You will enjoy your study leave

Five and twenty years of

accompanying, that

started with our honeymoon

to Osaka.

It was my first air trip, too.

Waiting and sitting,

A bit of you in between.

Accompanying you was my career

waiting, smiling and listening.

To Vancouver for a decade of

accompanying you

to teas, to suppers, conferences, ordination,

summer schools.

to weddings, to church meetings

on the trip to be interviewed to accompany you

to Paris’ winter,

to seven short years of Africa, then

four long years of Switzerland,

to Toronto,

to many countries in between.

Helped with Sunday Schools,

women’s groups, seniors, youths,

mothers and babies, young adults,

young immigrants.

Our long waited baby came!

Then, less accompanying but more

sewing, knitting, staying behind,

Then driving here, driving there,

east-end to west end

to dance lessons,

piano lessons

English lessons,

Northe to South, Camps & PTA’s.

Painted walls,

laid carpets,

potted plants,

bottled fruits,

made jams,

bought furniture,

got rid of furniture,

packed and unpacked,

Hobby courses of


cane chair weaving



study groups

English lessons

French lessons

Latin lessons

Doing those things filled my time.

We experienced coup d’etat,

police raid

met a king, a prime minister

espionage, refugees,

murderers, gamblers,

Saw suffering, saw joy

more suspense & poignant than

the war memories of my childhood.

Visitors came from East

” ” ” West

” ” ” North

” ” ” South,

Visitors passing through

each with fascinating stories.

I accompanied you,

trying to be proud of being supportive.

I even believed in it.

Our life was full, wasn’t it?
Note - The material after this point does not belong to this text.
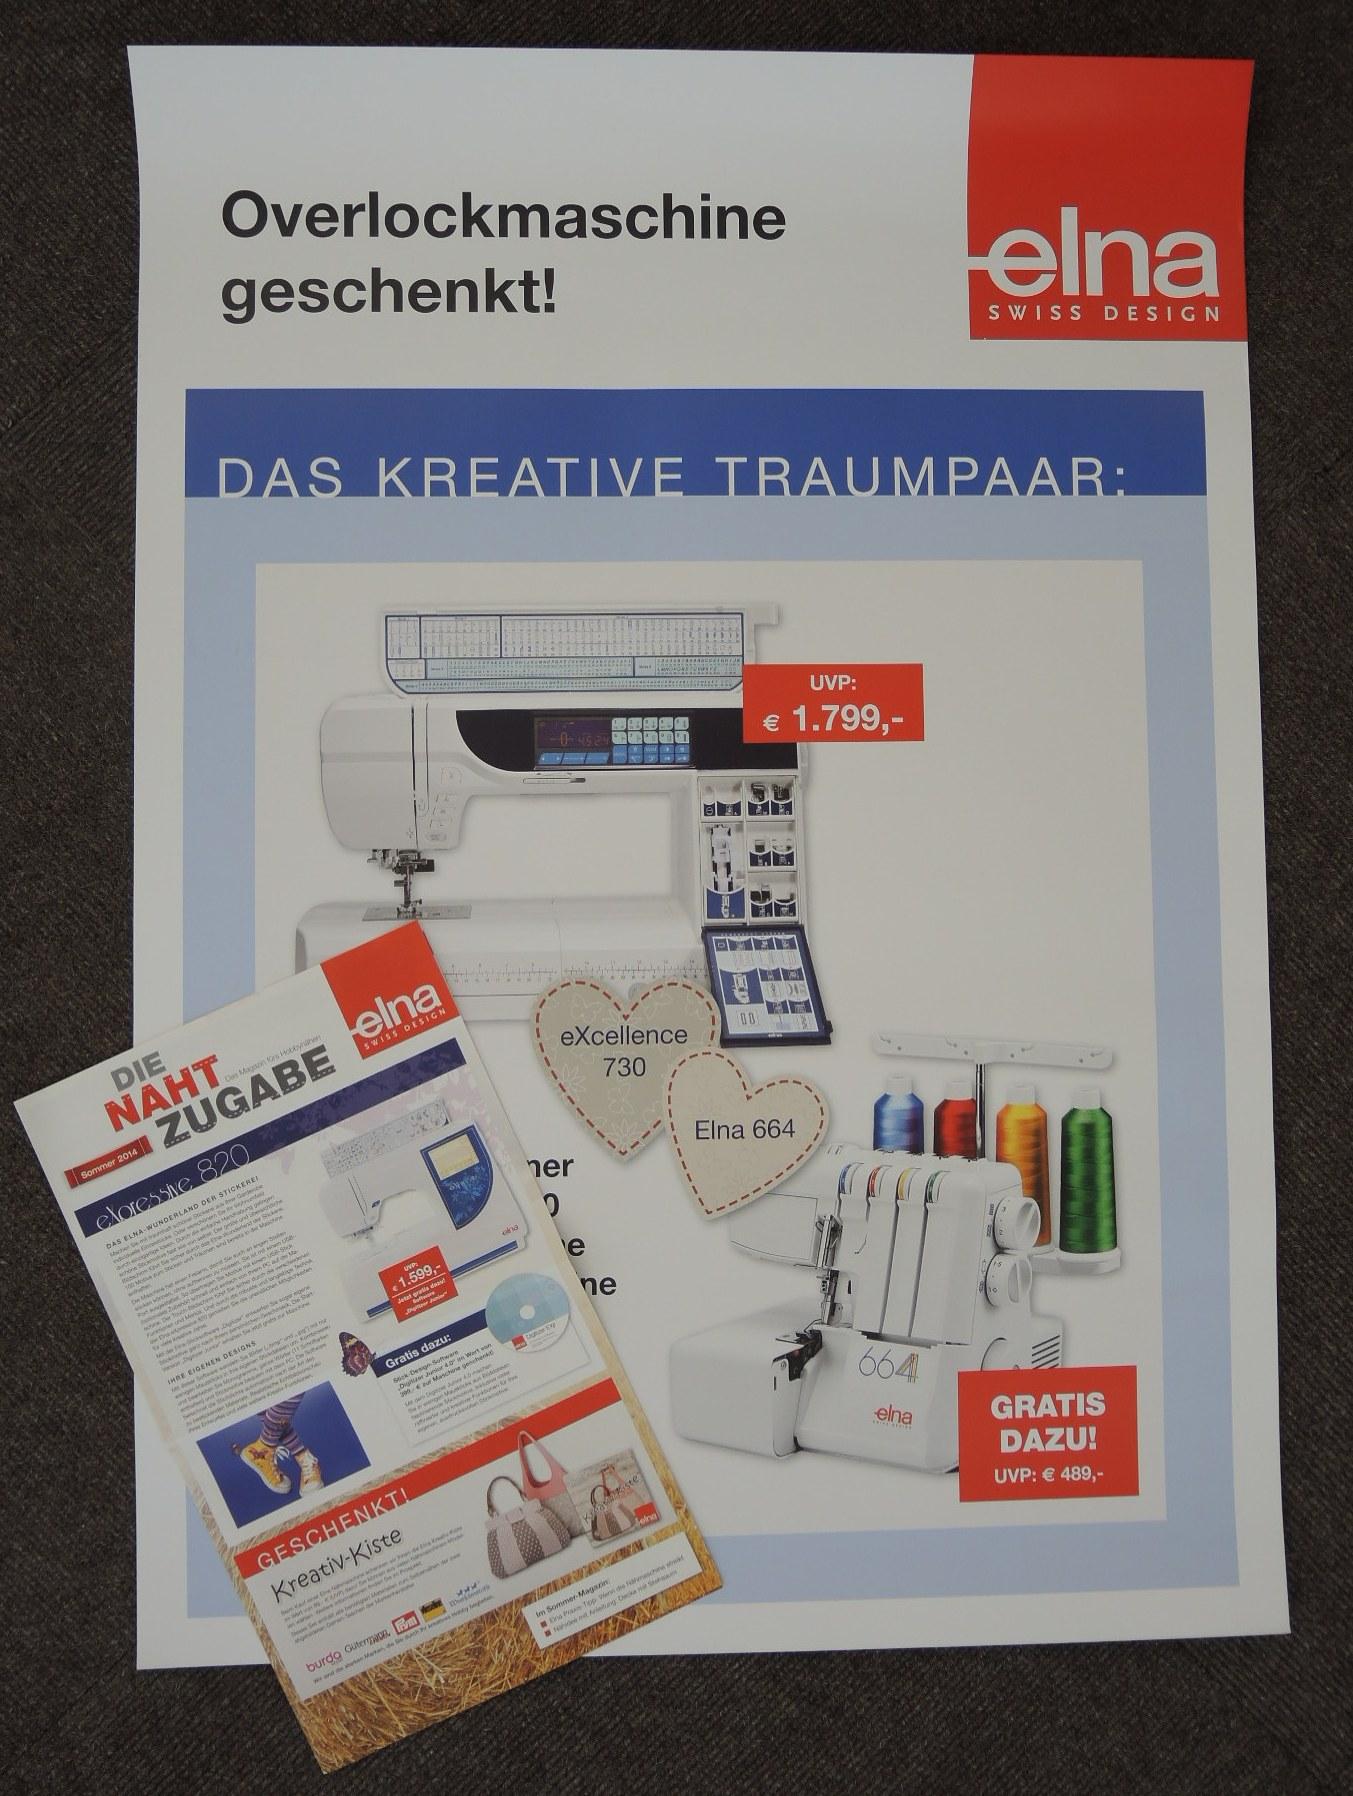 Elna Plakat, Bild ULLA

Was it?


Yet, …..yet,

though it is not that it wasn’t enough,

but of different kind

As if it always belonged to

someone else.

I was a spectator,

“I was there”

But then,

I would have been a spectator

All my life, just watching, waiting.

Oh, yes, I did my bit in Africa.

But I was not the commissioned me.

They liked what I did

because it was unexpected.

And, I had to face it

during those long four years.

Yes, so that I can

really turn to face you and say

“Here I am, I’m your partner,

I want to be with you,

I want to share my life with you.”

Not a trip to Geneva accompanying you,

but your patience to watch

a middle age student struggle

and to wait for me to be really me

Is a biggest silver gift

to celebrate proudly our quarter of

a century together.





– I wrote these lines in 1984 just before Chieko and I separated.

We had the well,

that had given us clean, cool, and delicious water

for a quarter of a century.

We had to change the pump from time to time,

wait for murkey water to clear after heavy rains.

But good water it gave most of the time.


You wanted to find out what”s in it

on the bottom.

Why?  I said.  We had to, you said.

We emptied the whole thing.

What a mess!

Junk, dead animals, muck of all sorts.


I could no longer drink of it.

I could not bear the though of it.

I had to give it up.

So I did.



My last name, “Mitsui” stands for Japanese word for “three wells.”  The night before we separated, we went to hear a concert by Gordon Lightfoot.  We cried throughout.  I hardly remember what I heard.